Problem to solve:
Transcribe each line of the material as it is, and drop any picture.

Stored data:
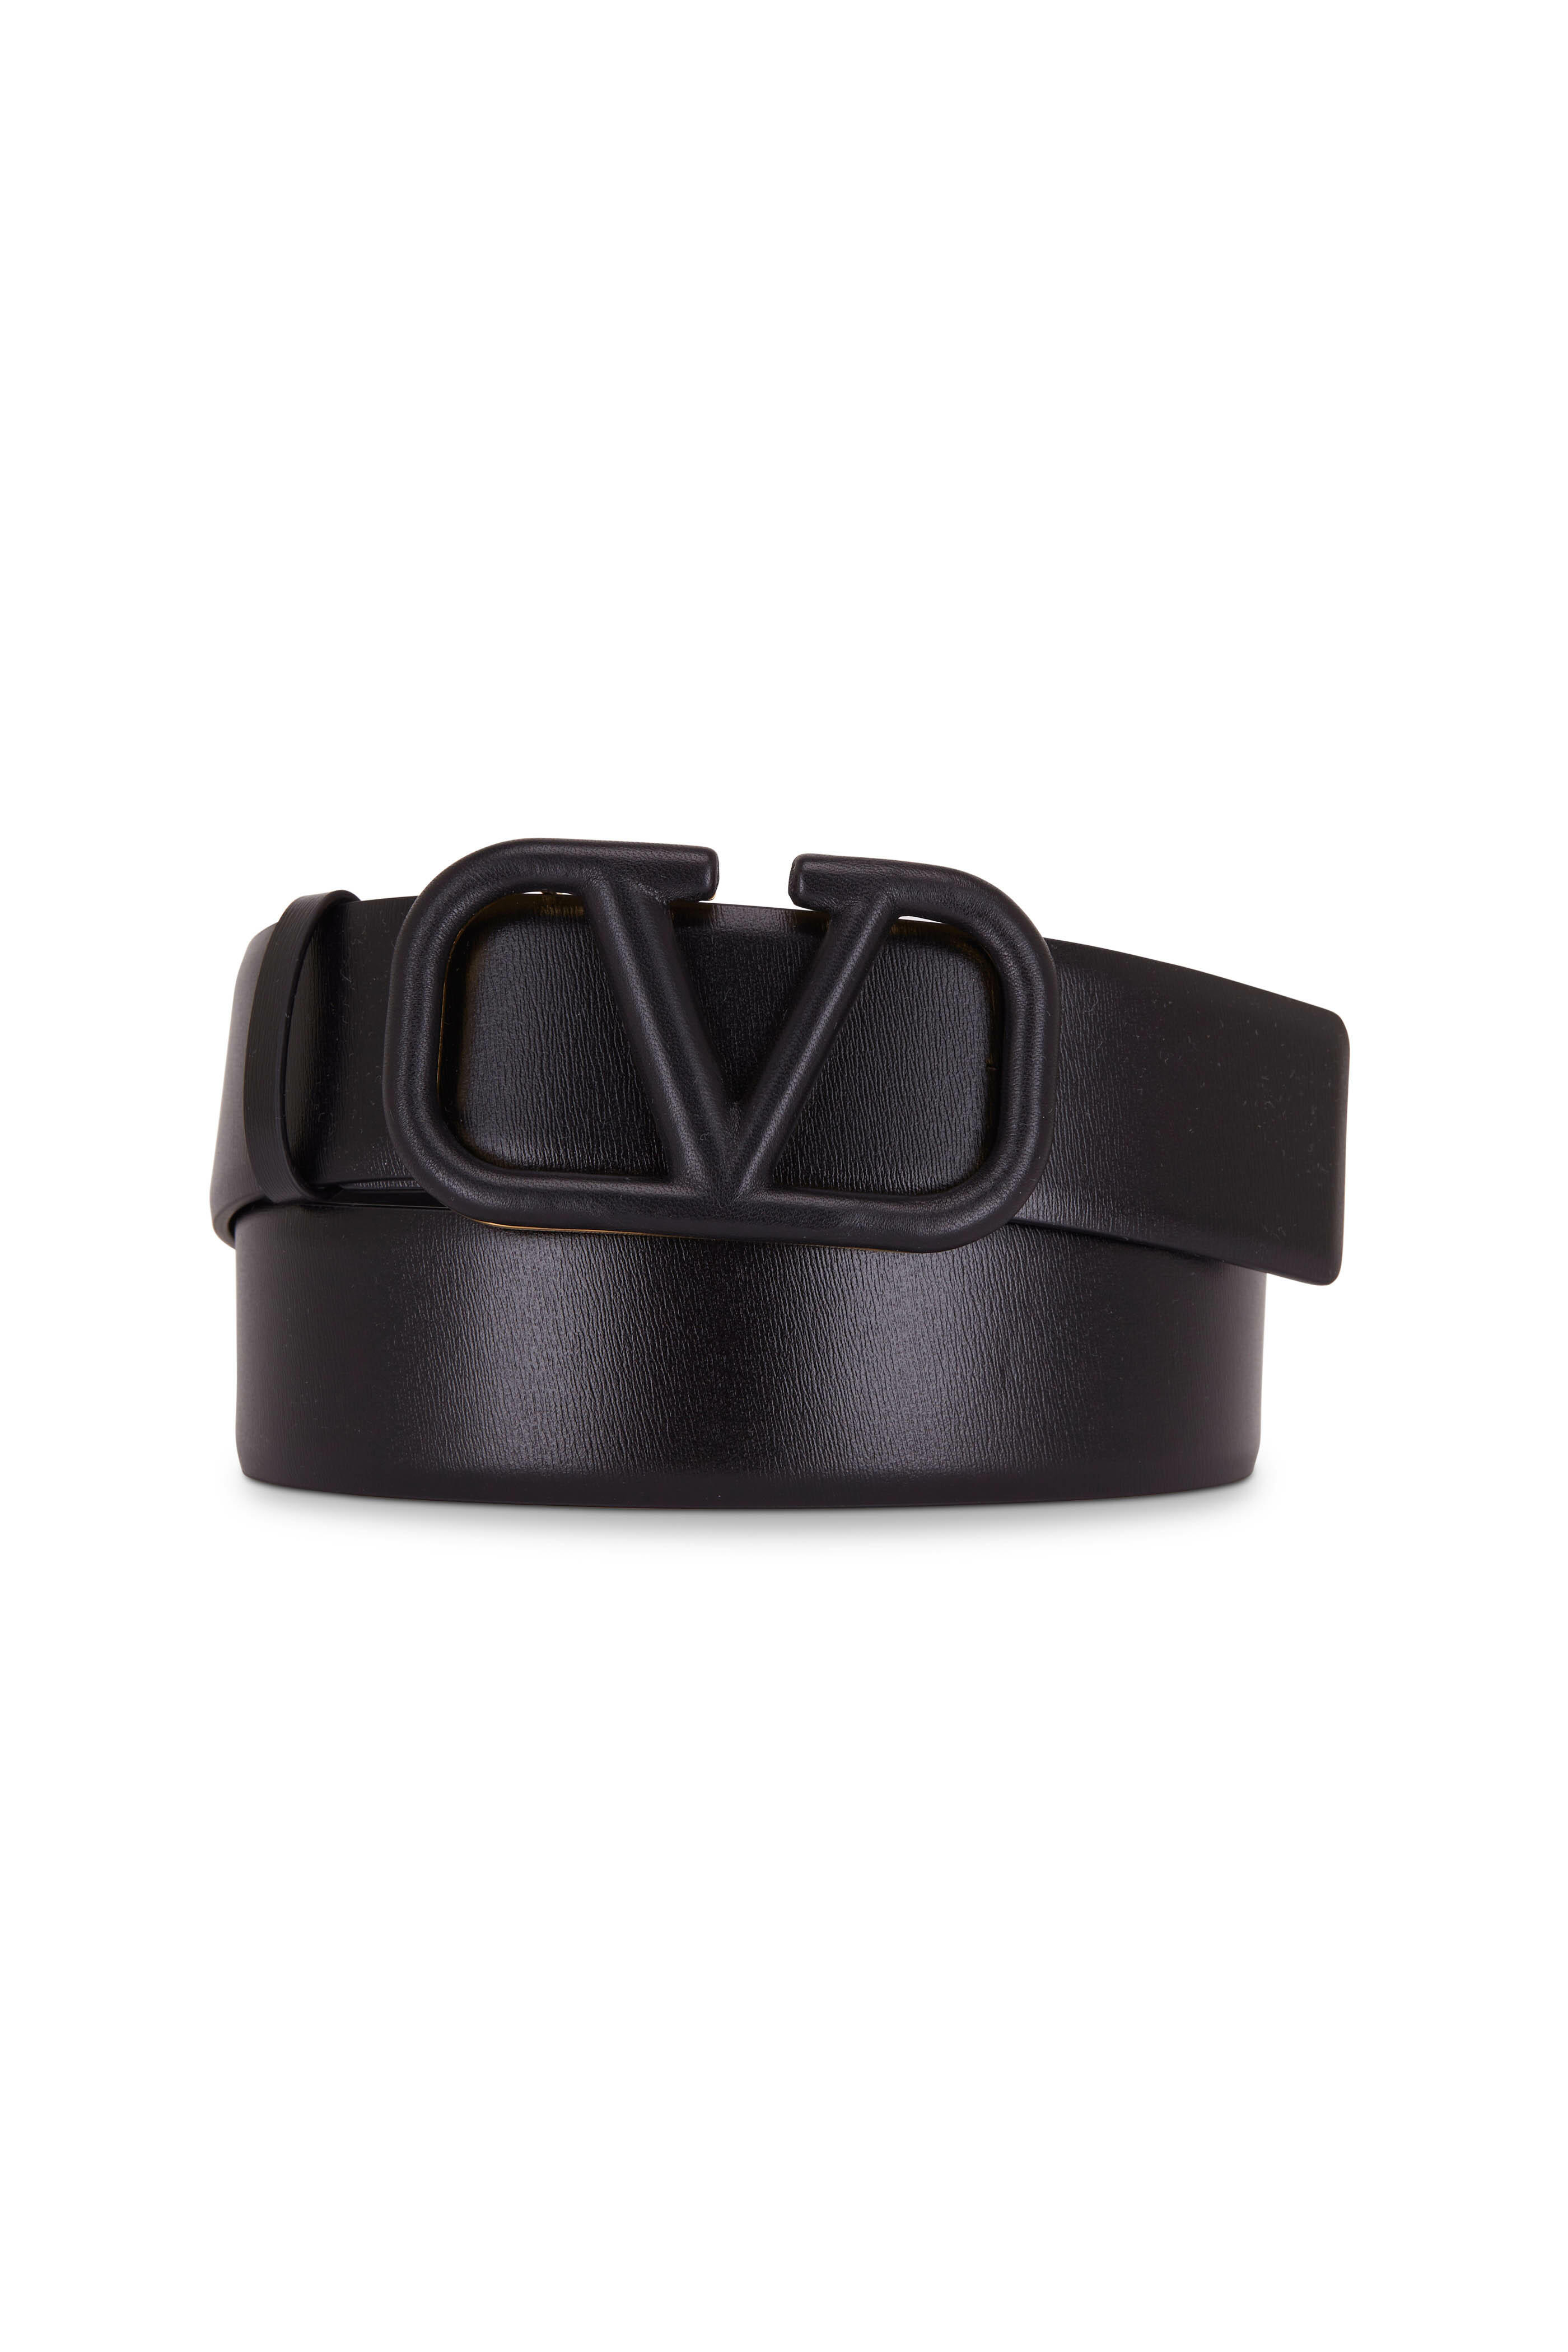 Unisex Black Leather Belt with Red Rhinestones 40
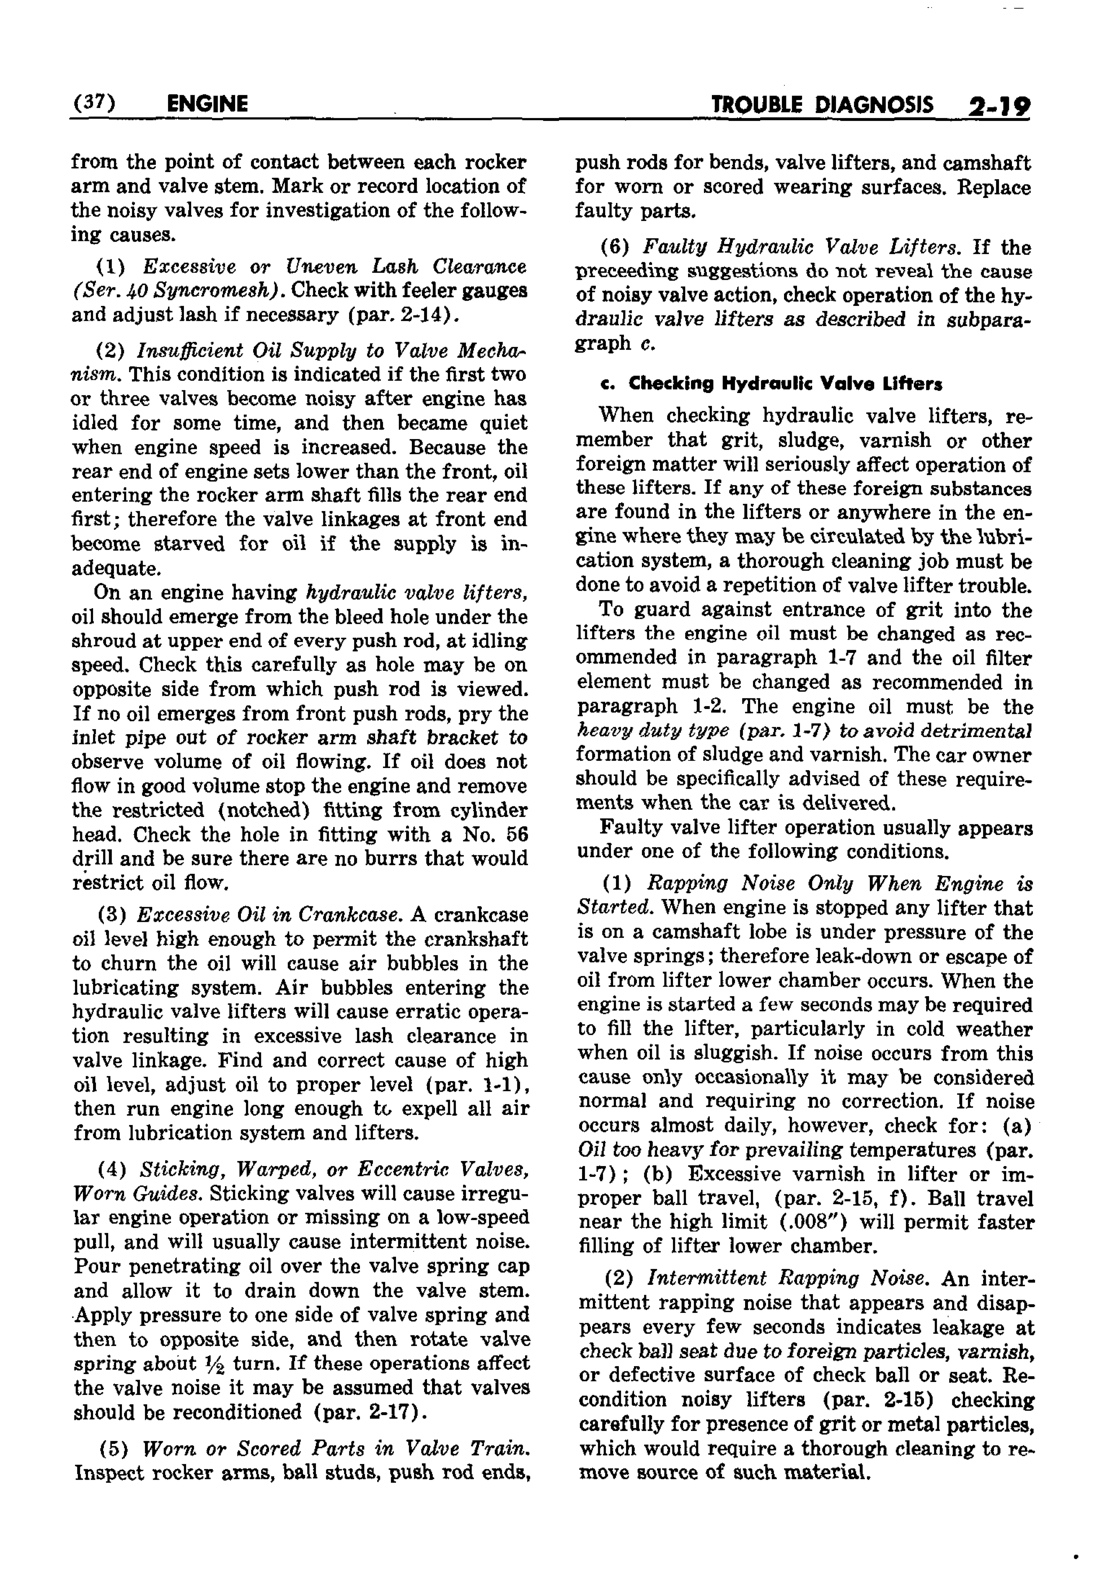 n_03 1952 Buick Shop Manual - Engine-019-019.jpg
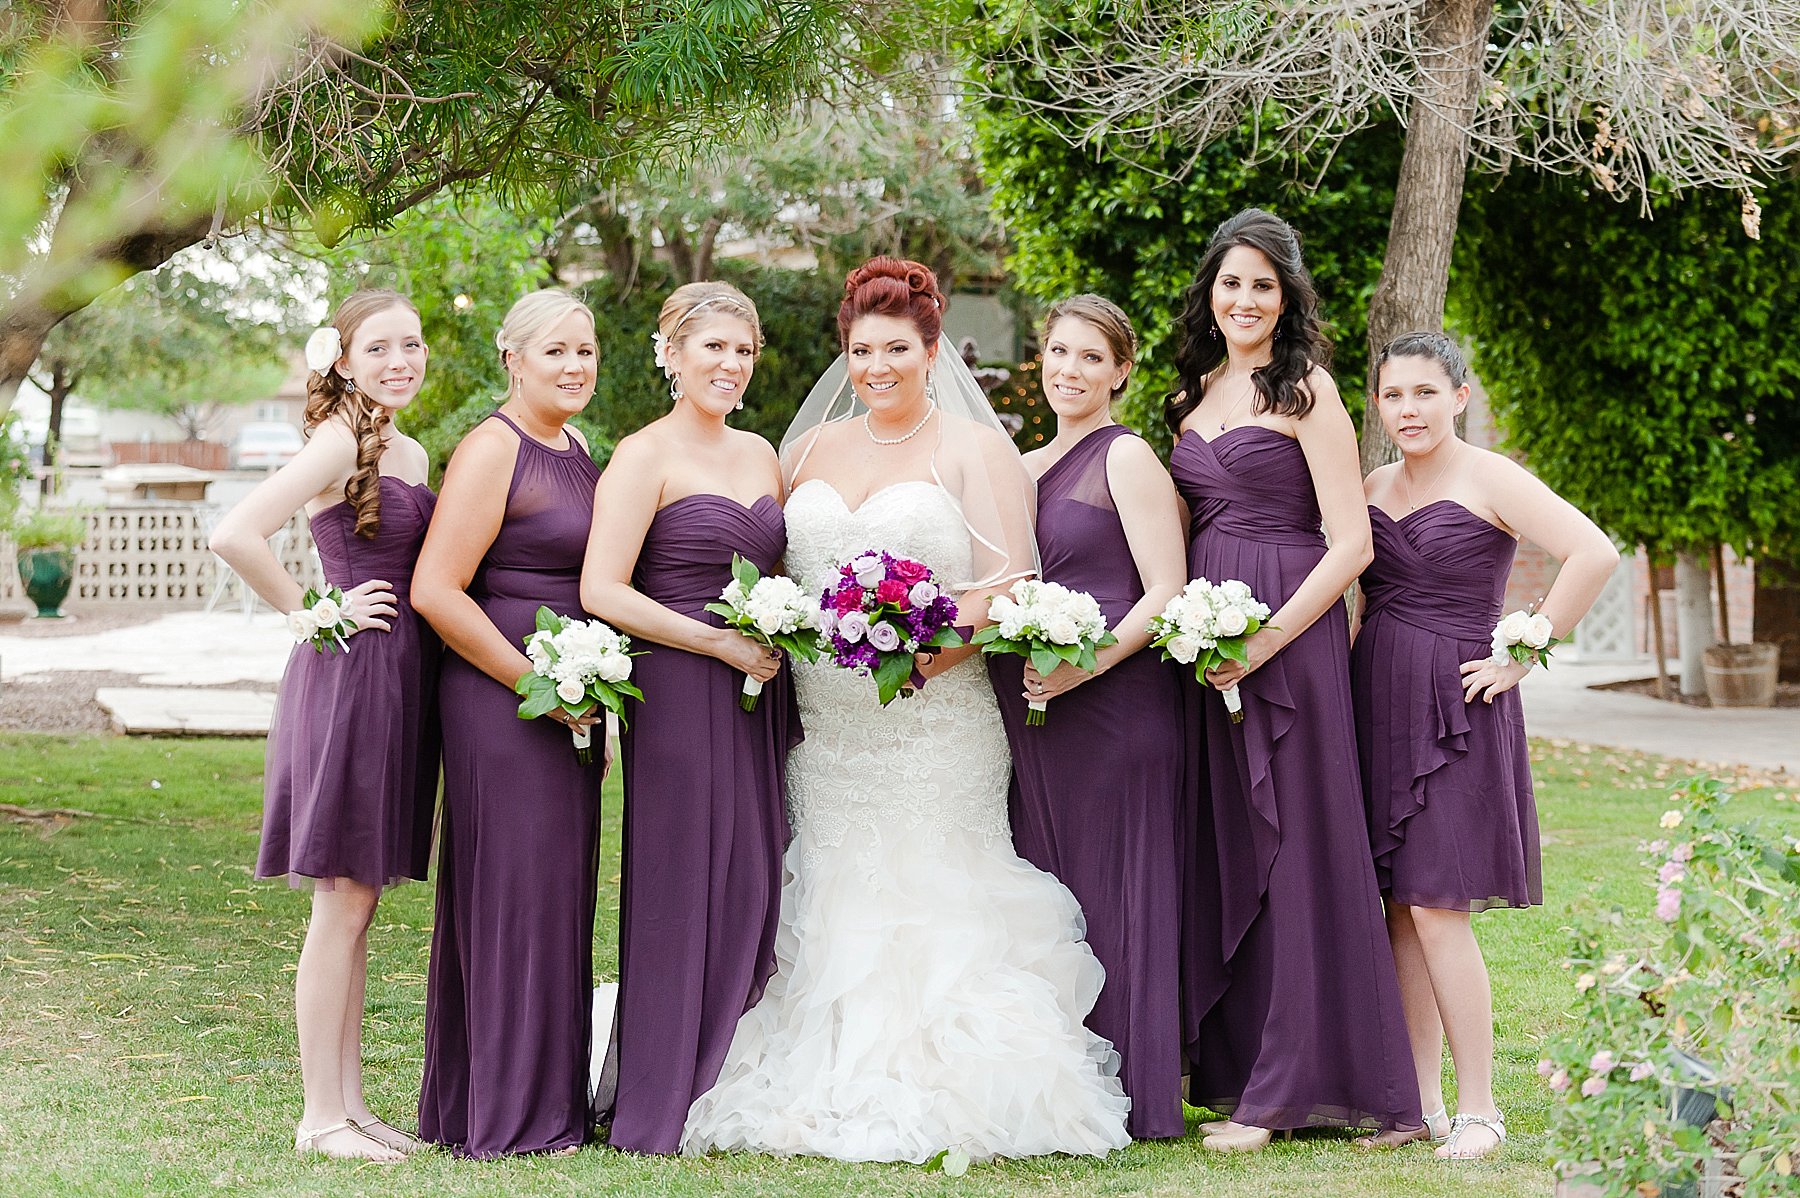 Old Town Wedding Center Bridesmaids in Garden Plum Dresses Peoria AZ Photo

Your response:
 Unisex Black Leather Belt with Red Rhinestones 40
 n_03 1952 Buick Shop Manual - Engine-019-019.jpg
 Old Town Wedding Center Bridesmaids in Garden Plum Dresses Peoria AZ Photo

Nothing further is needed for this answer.